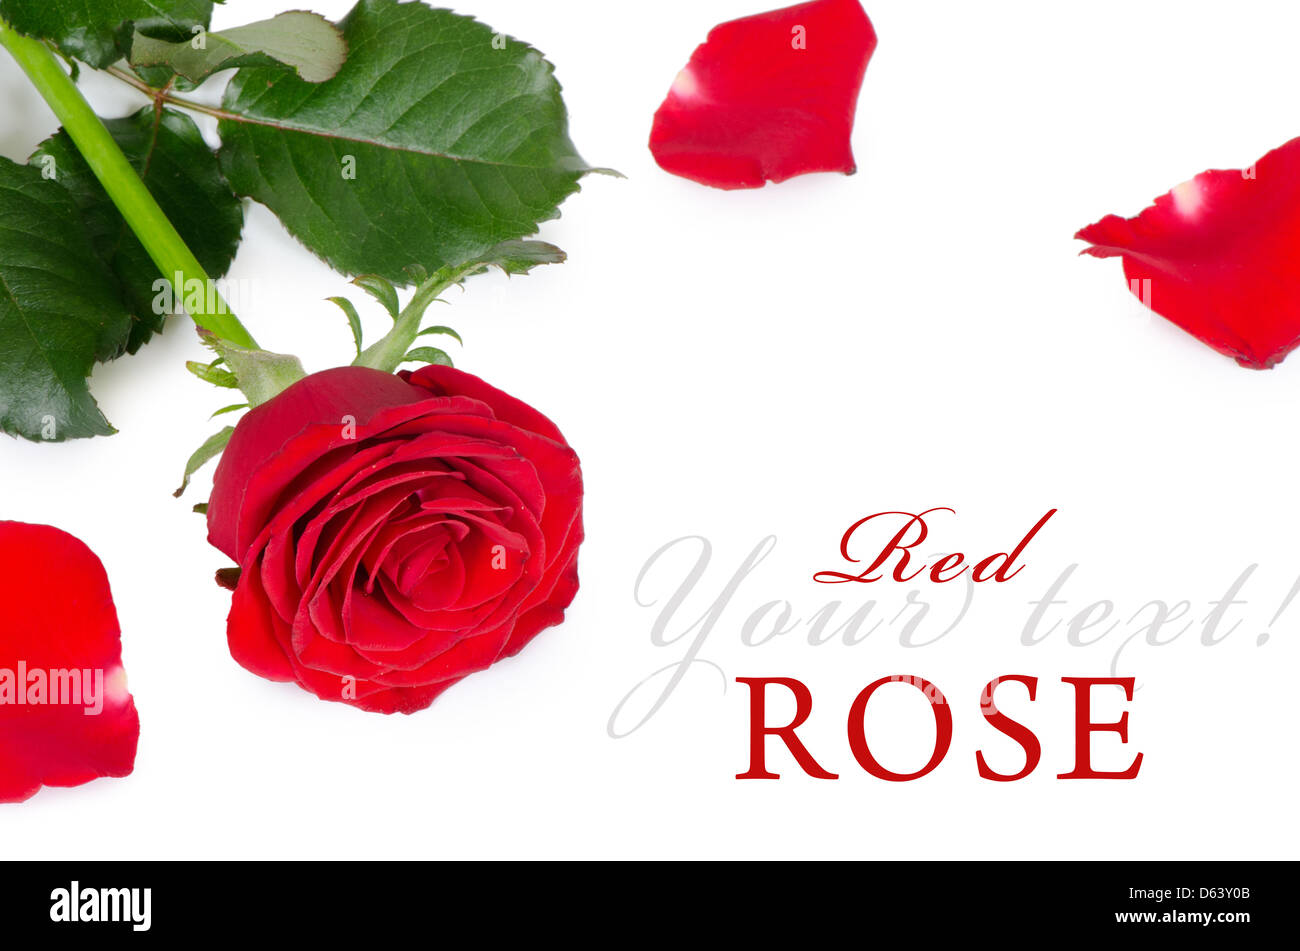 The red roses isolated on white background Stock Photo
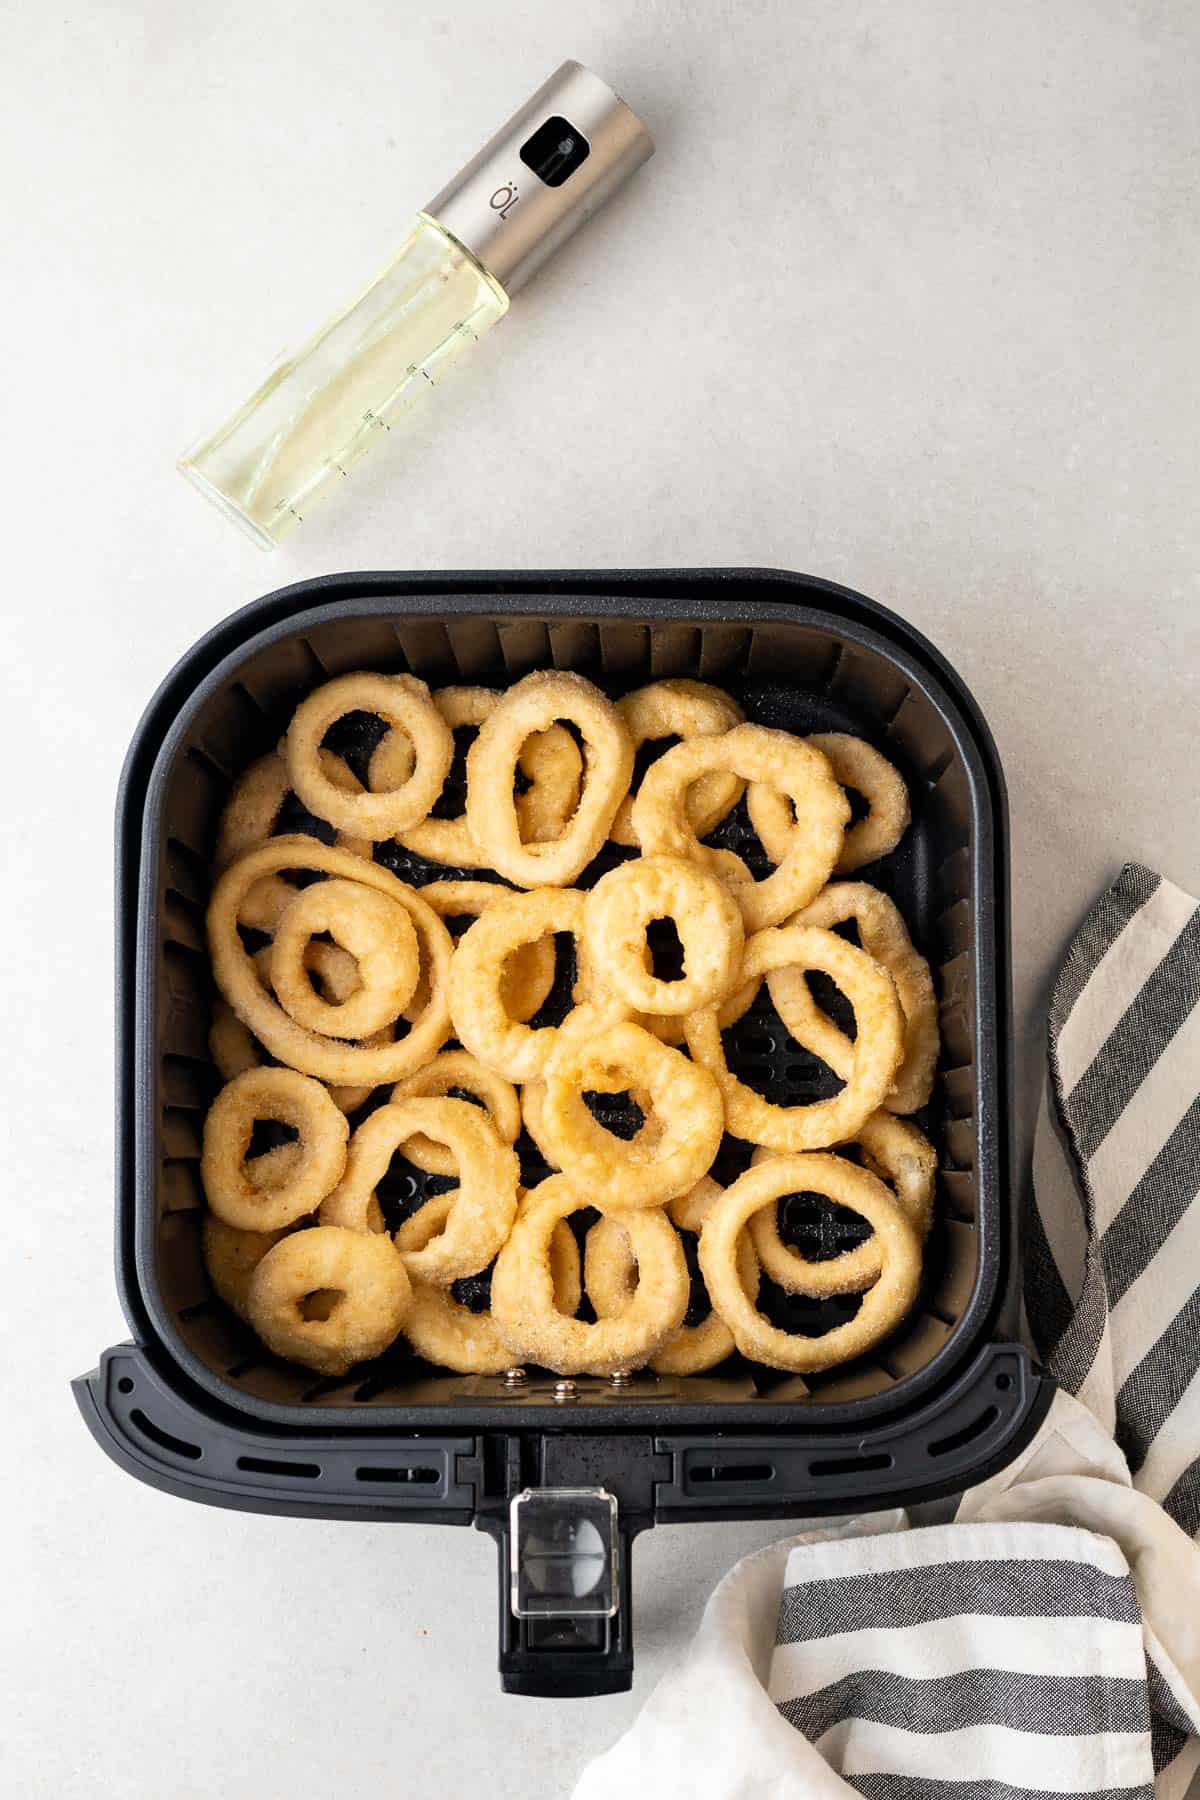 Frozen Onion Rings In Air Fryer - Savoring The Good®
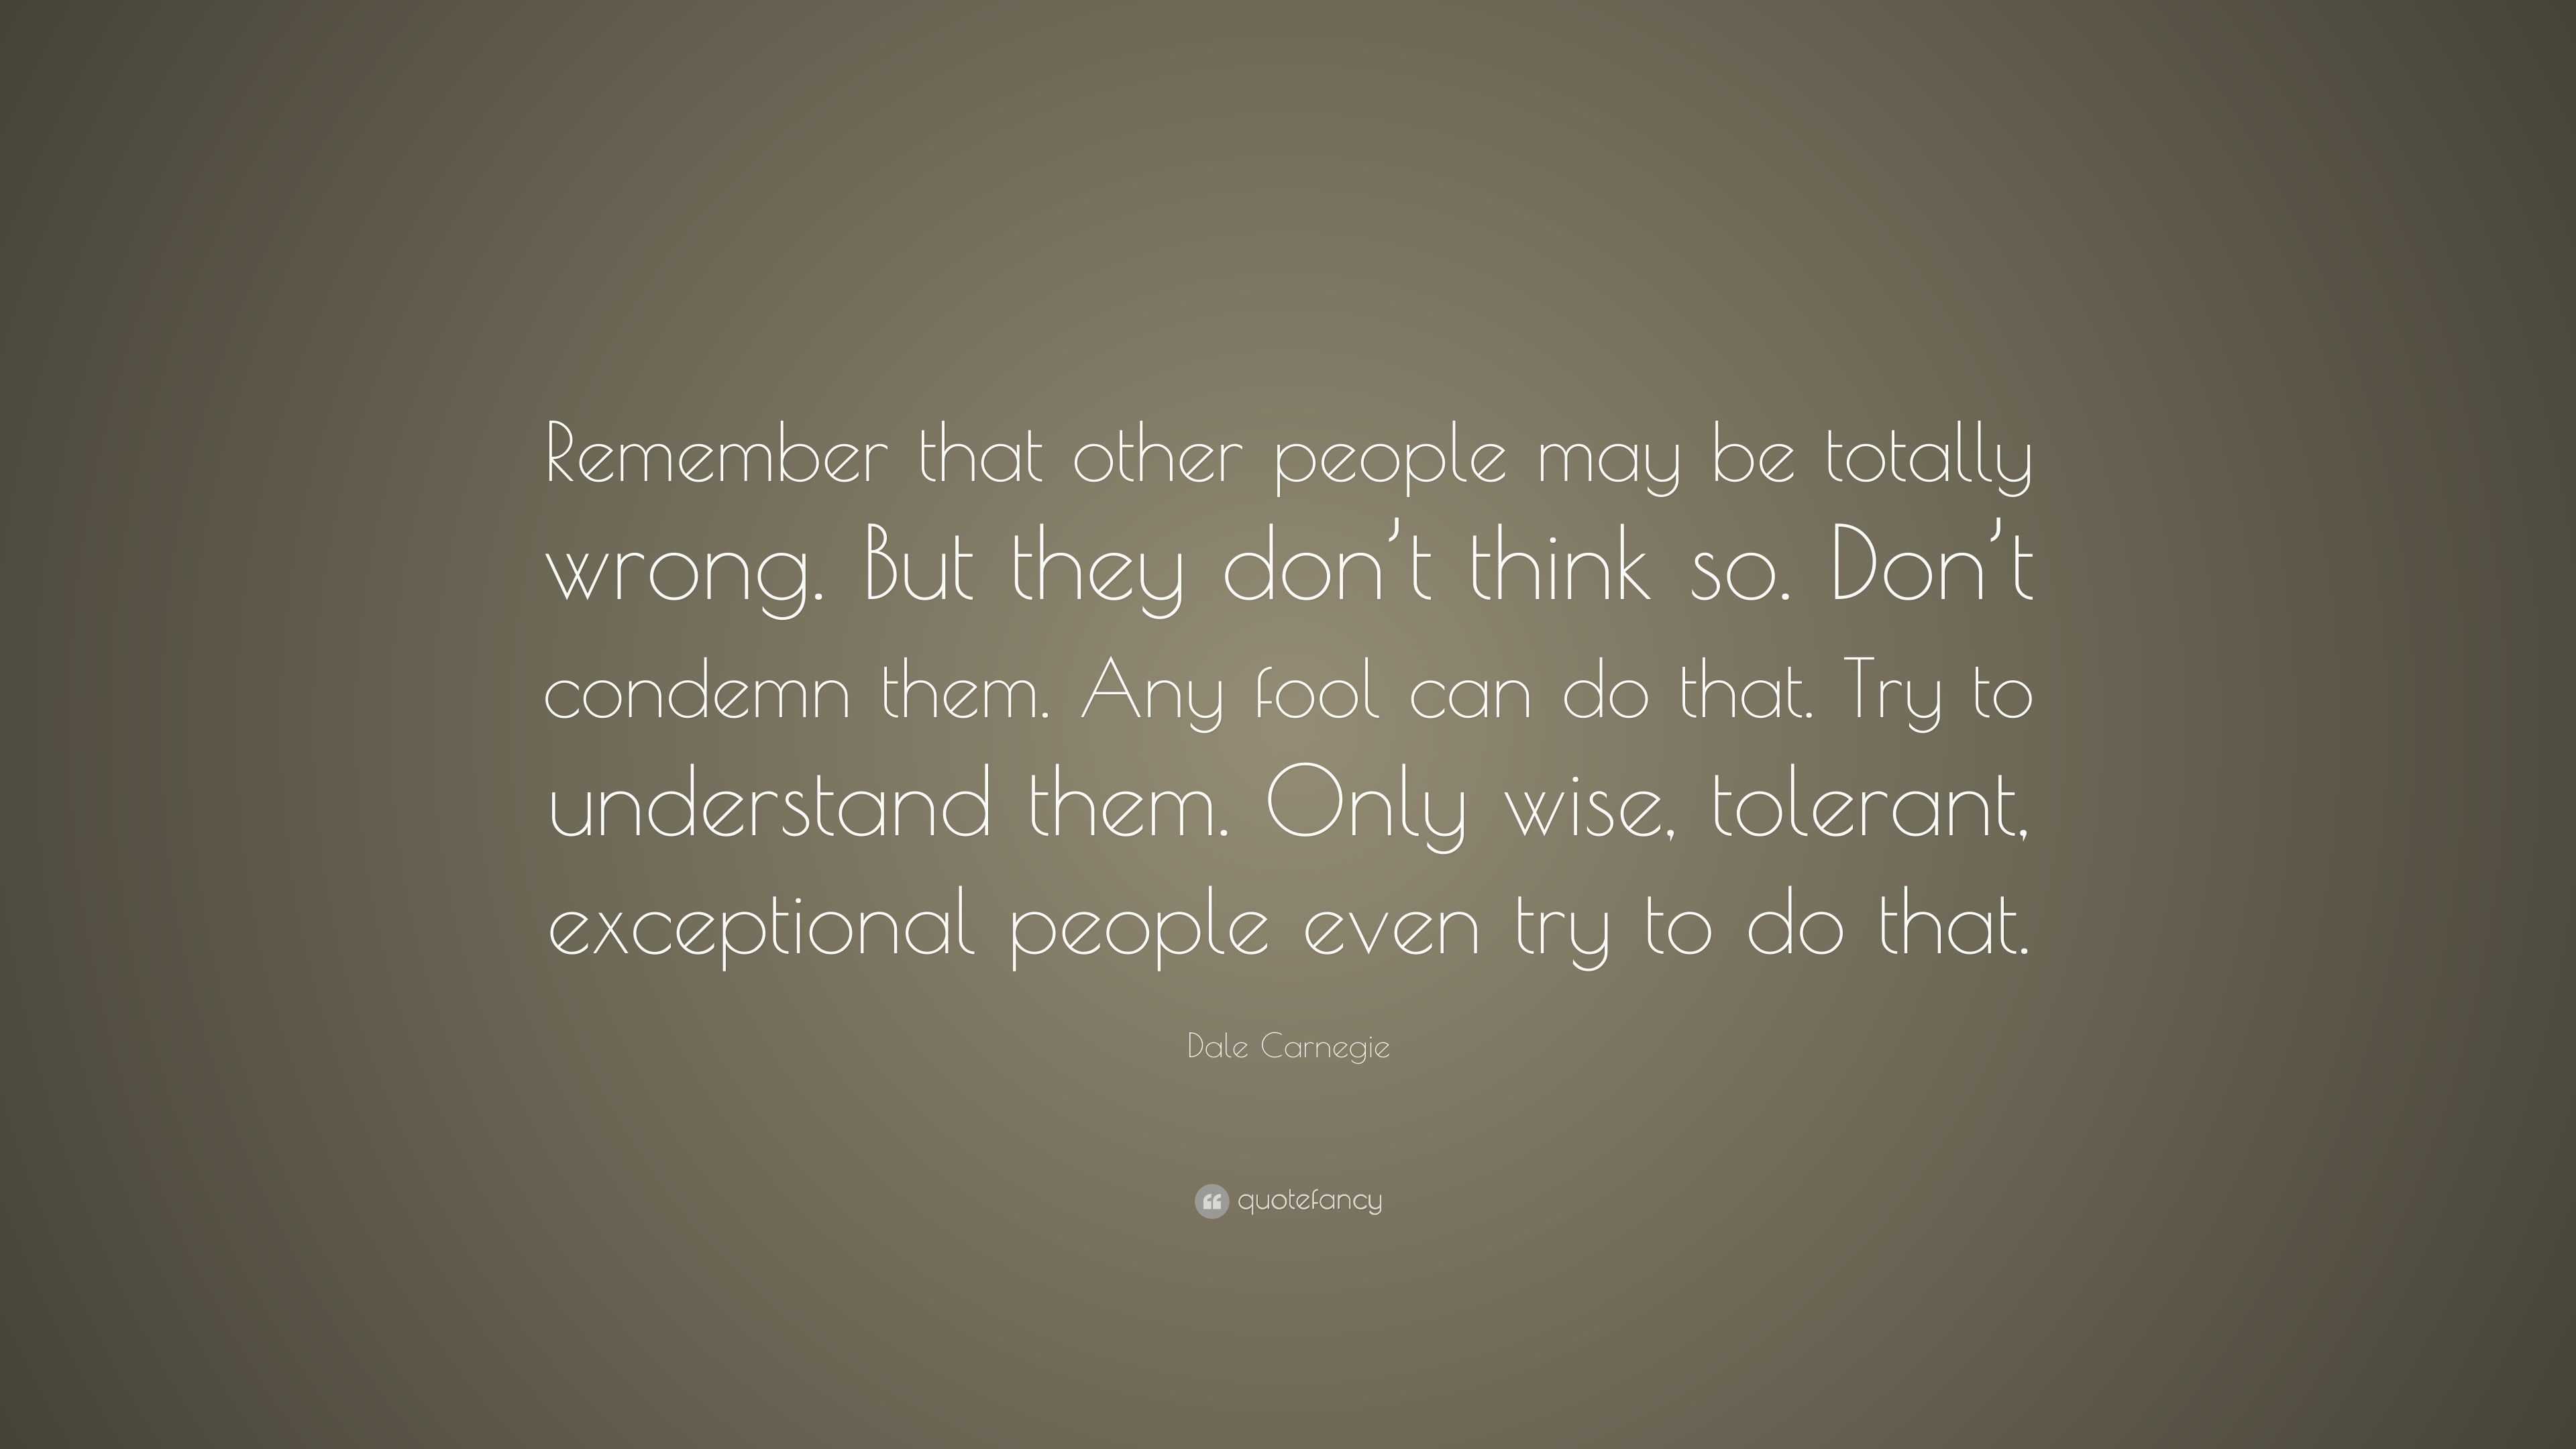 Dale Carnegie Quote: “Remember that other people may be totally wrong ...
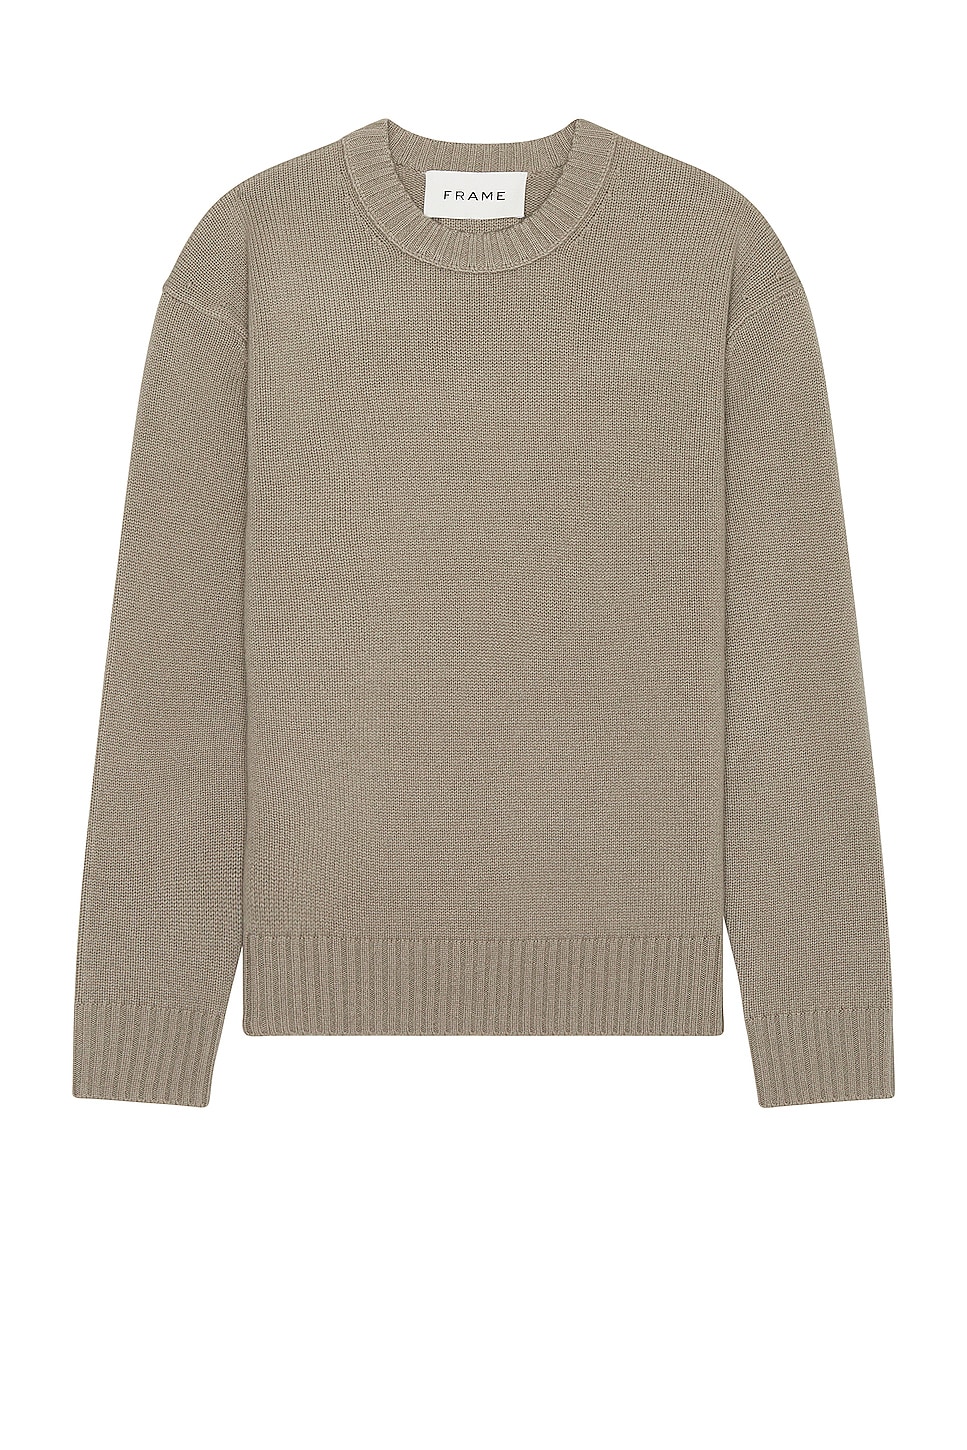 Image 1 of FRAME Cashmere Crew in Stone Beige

• **Your assignment**: The lines wanted run from the one with "totally wrong ..." through the final line of the data; repeat them word for word and skip every picture.

• **Result**:
 Dale Carnegie Quote: “Remember that other people may be totally wrong ...
 Image 1 of FRAME Cashmere Crew in Stone Beige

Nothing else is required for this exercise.